# Case Studies

If you're interested in time series analysis and forecasting, this is the right place to be. The Time Series Lab (TSL) software platform makes time series analysis available to anyone with a basic knowledge of statistics. Future versions will remove the need for a basic knowledge altogether by providing fully automated forecasting systems. The platform is designed and developed in a way such that results can be obtained quickly and verified easily. At the same time, many advanced time series and forecasting operations are available for the experts. In our case studies, we often present screenshots of the program so that you can easily replicate results.

Did you know you can make a screenshot of a TSL program window?
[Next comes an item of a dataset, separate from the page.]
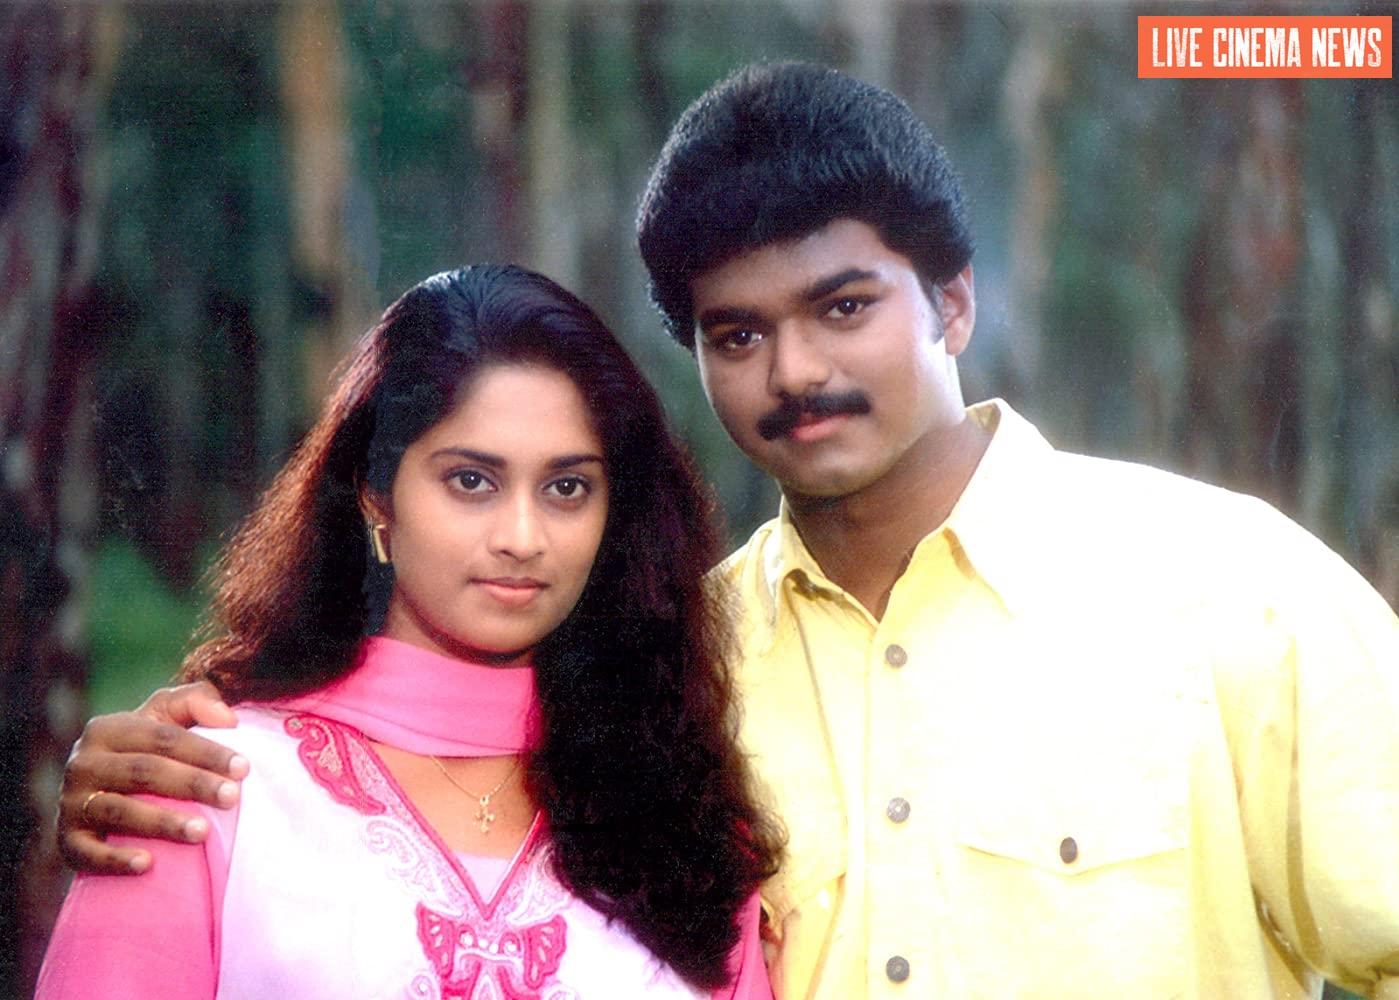 காதலுக்கு மரியாதை திரைப்படத்தில் விஜயுடன் ஷாலினி

Press Ctrl + p to open a window which allows you to save a screenshot of the program. The TSL window should be located on your main monitor.

Click on the buttons below to go to our case studies. At the beginning of each case study, the required TSL package is mentioned. Our first case study, about the Nile data, is meant to illustrate the basic workings of the program and we advise you to start with that one.

# Nile

Author: Rutger Lit
Date: June 30, 2022
Software: Time Series Lab - Home Edition
Topics: basic workings of program

#### Nile data

In this first case study we illustrate the fundamentals of TSL using observations from the river Nile. The data set consists of a series of readings of the annual flow volume at Aswan from 1871 to 1970. The Nile dataset is part of any TSL installer file and can be found in the data folder located in the install folder of TSL. Many time series concepts can be explained by the Nile time series alone.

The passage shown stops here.